=== Data provided ===
* * * *
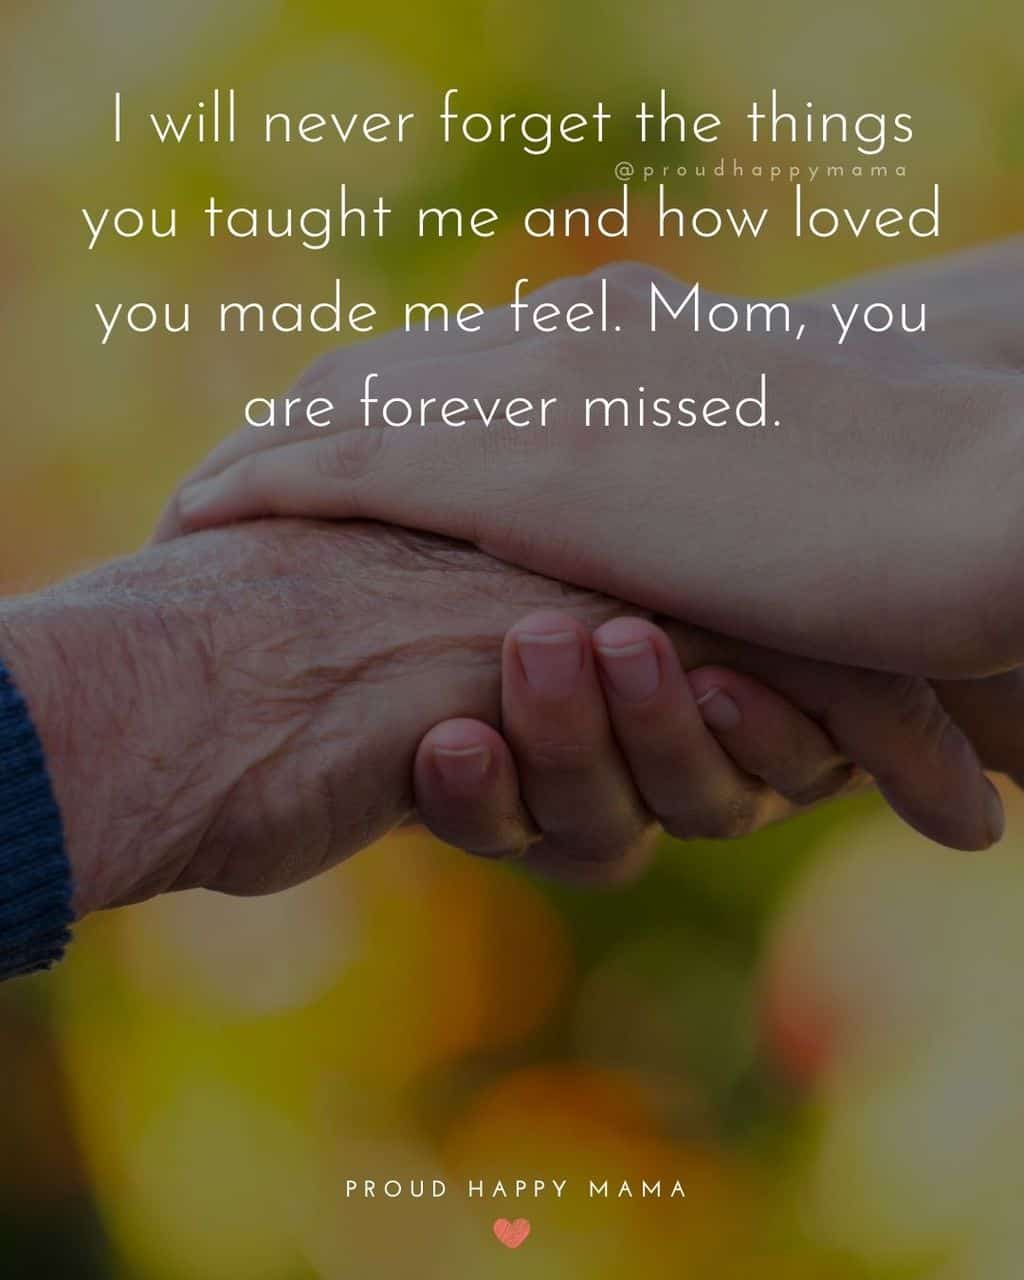 Close up of elderly mother and child holding hand with text overlay, ‘I will never forget the things you taught me and how loved you made me feel. Mom, you are forever missed.’
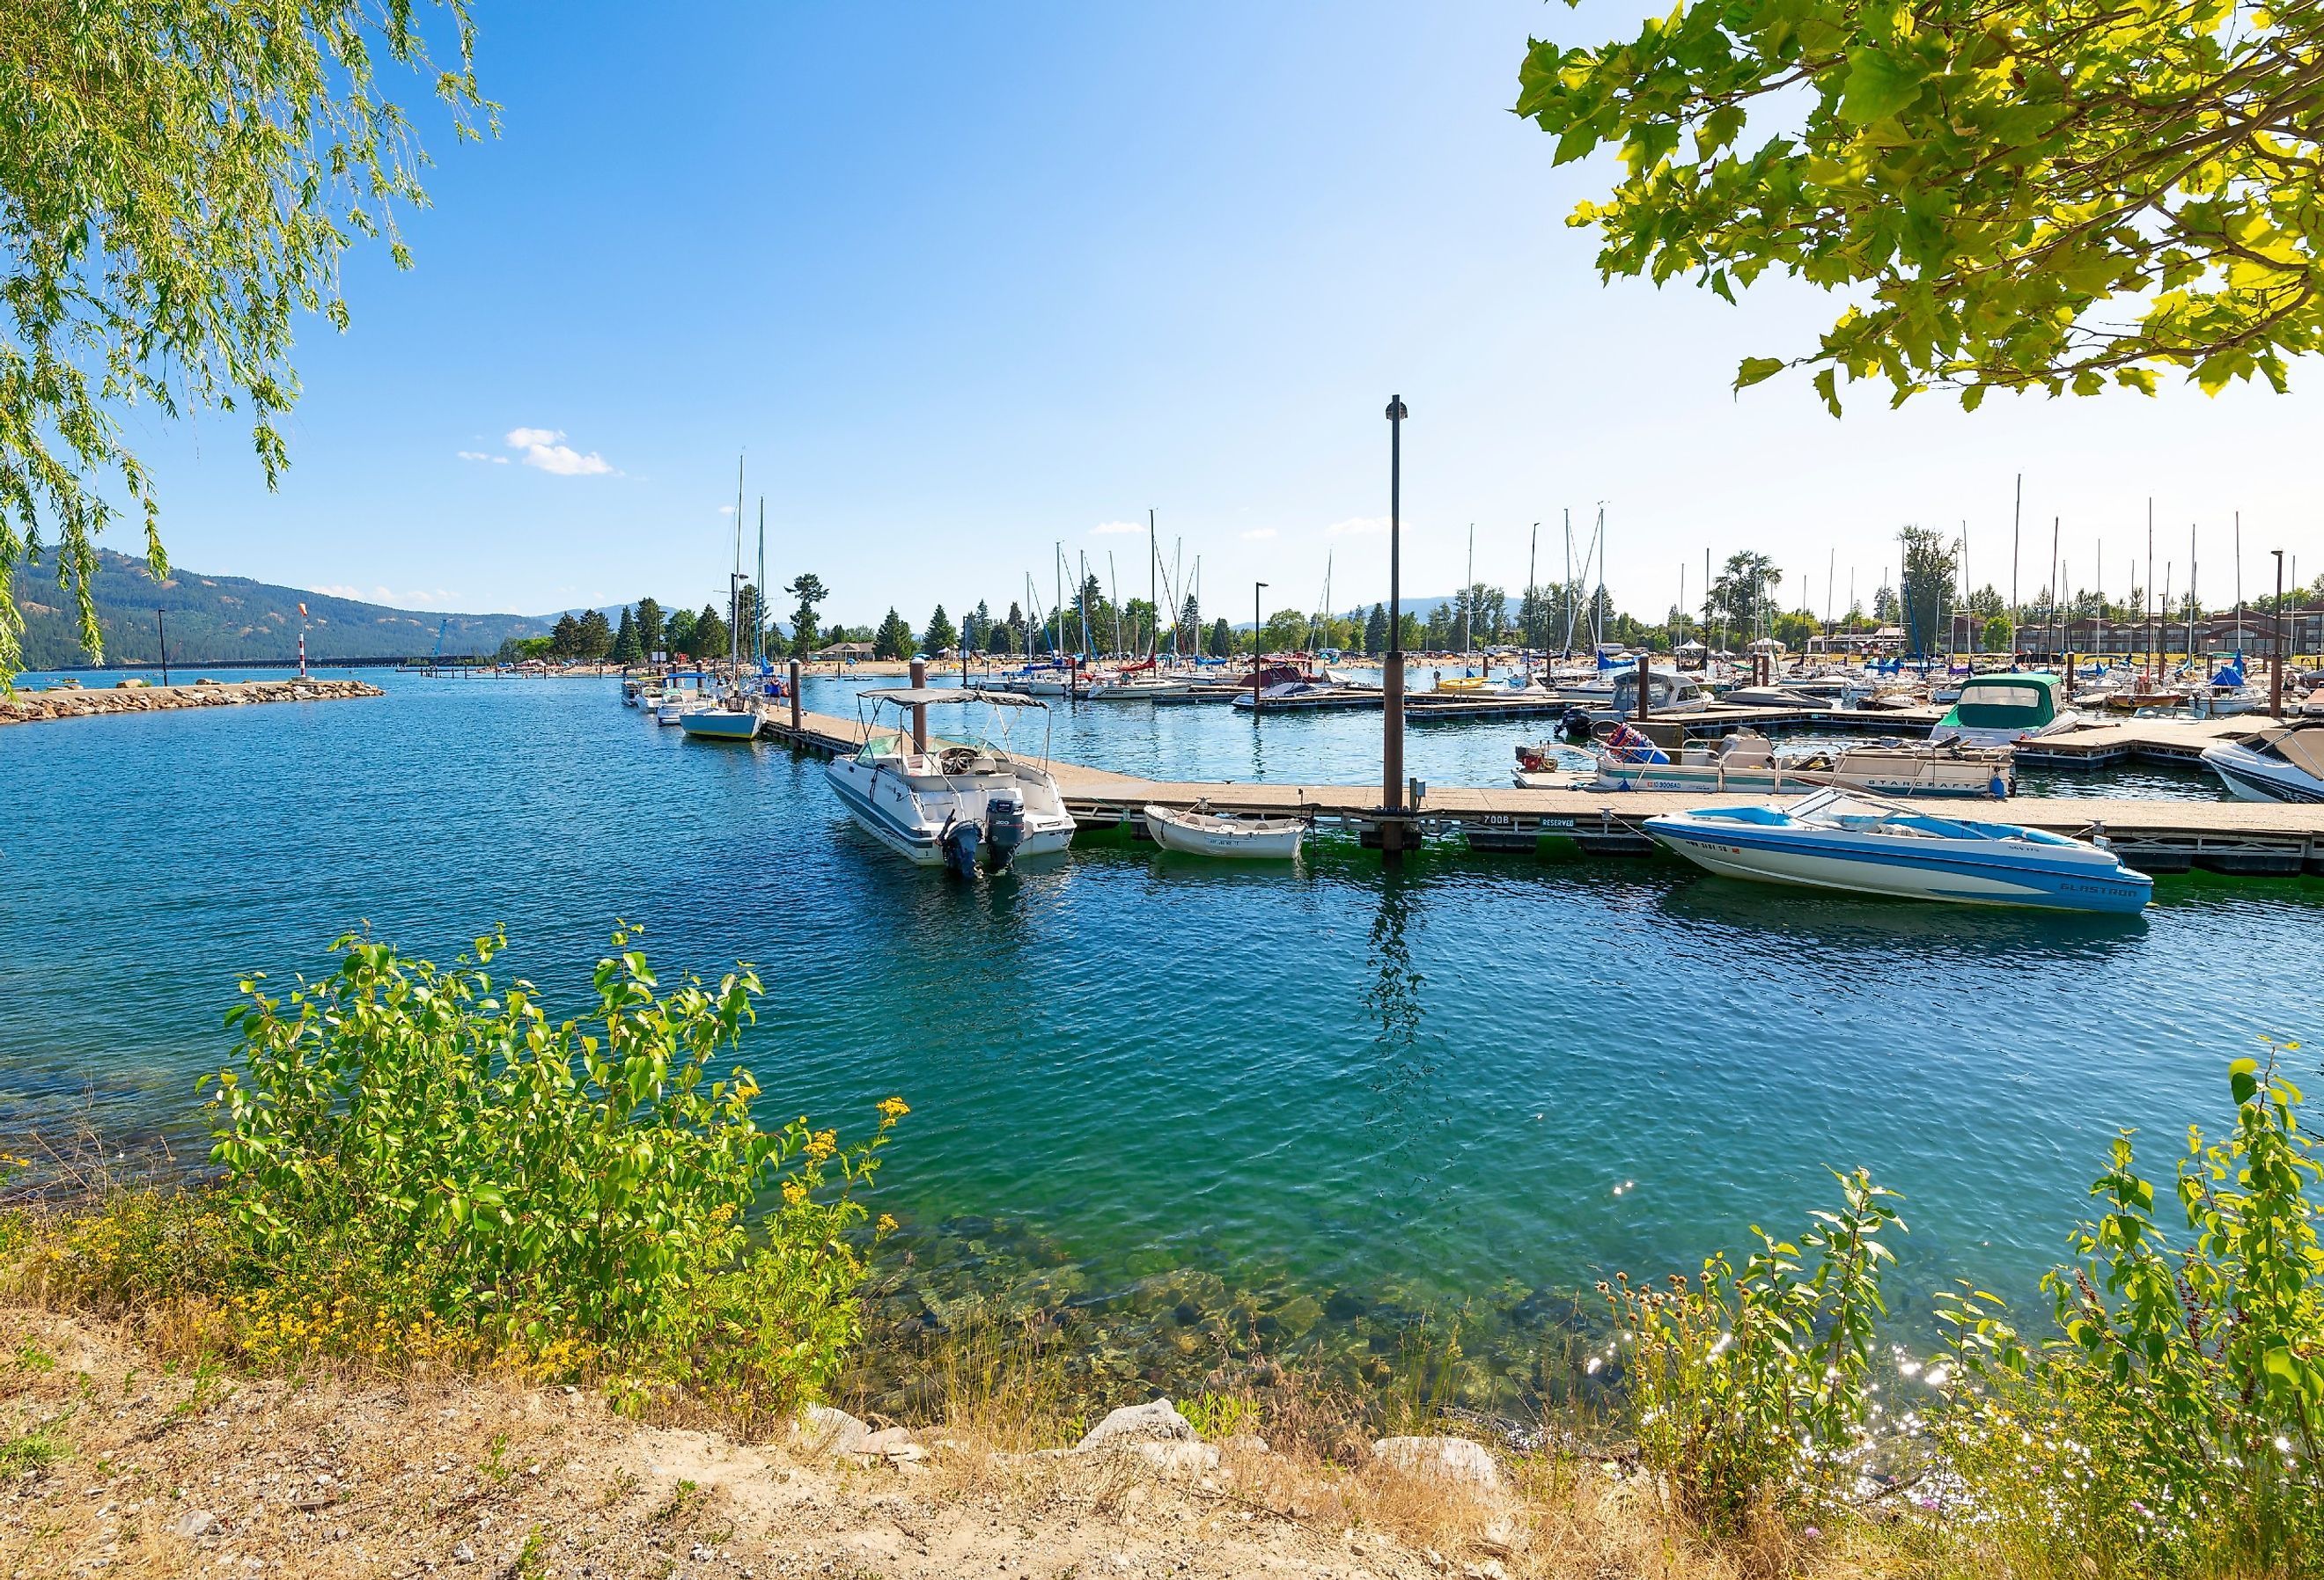 The marina and city beach area of downtown Sandpoint, Idaho, with boats filling the docks on Lake Pend Oreille on a summer day in the Idaho panhandle.
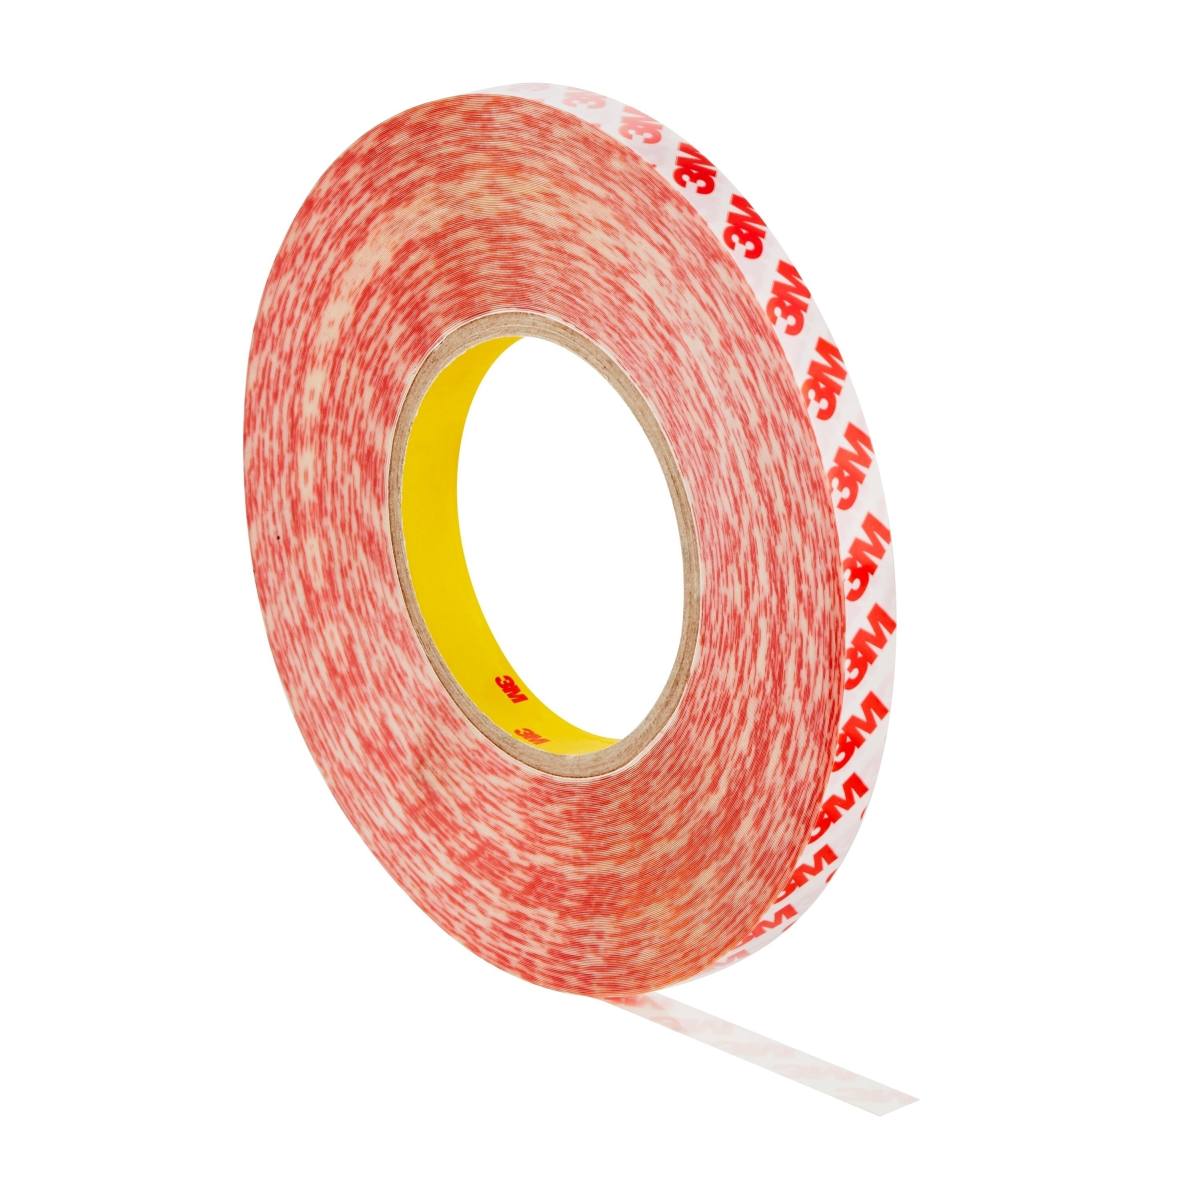 3M Double-sided adhesive tape with polyester backing GPT-020P, transparent, 15 mm x 50 m, 0.202 mm
* * * *
=== Required action ===
Restate the listing word for word and drop the pictures.

=== Task answer ===
 Close up of elderly mother and child holding hand with text overlay, ‘I will never forget the things you taught me and how loved you made me feel. Mom, you are forever missed.’
 The marina and city beach area of downtown Sandpoint, Idaho, with boats filling the docks on Lake Pend Oreille on a summer day in the Idaho panhandle.
 3M Double-sided adhesive tape with polyester backing GPT-020P, transparent, 15 mm x 50 m, 0.202 mm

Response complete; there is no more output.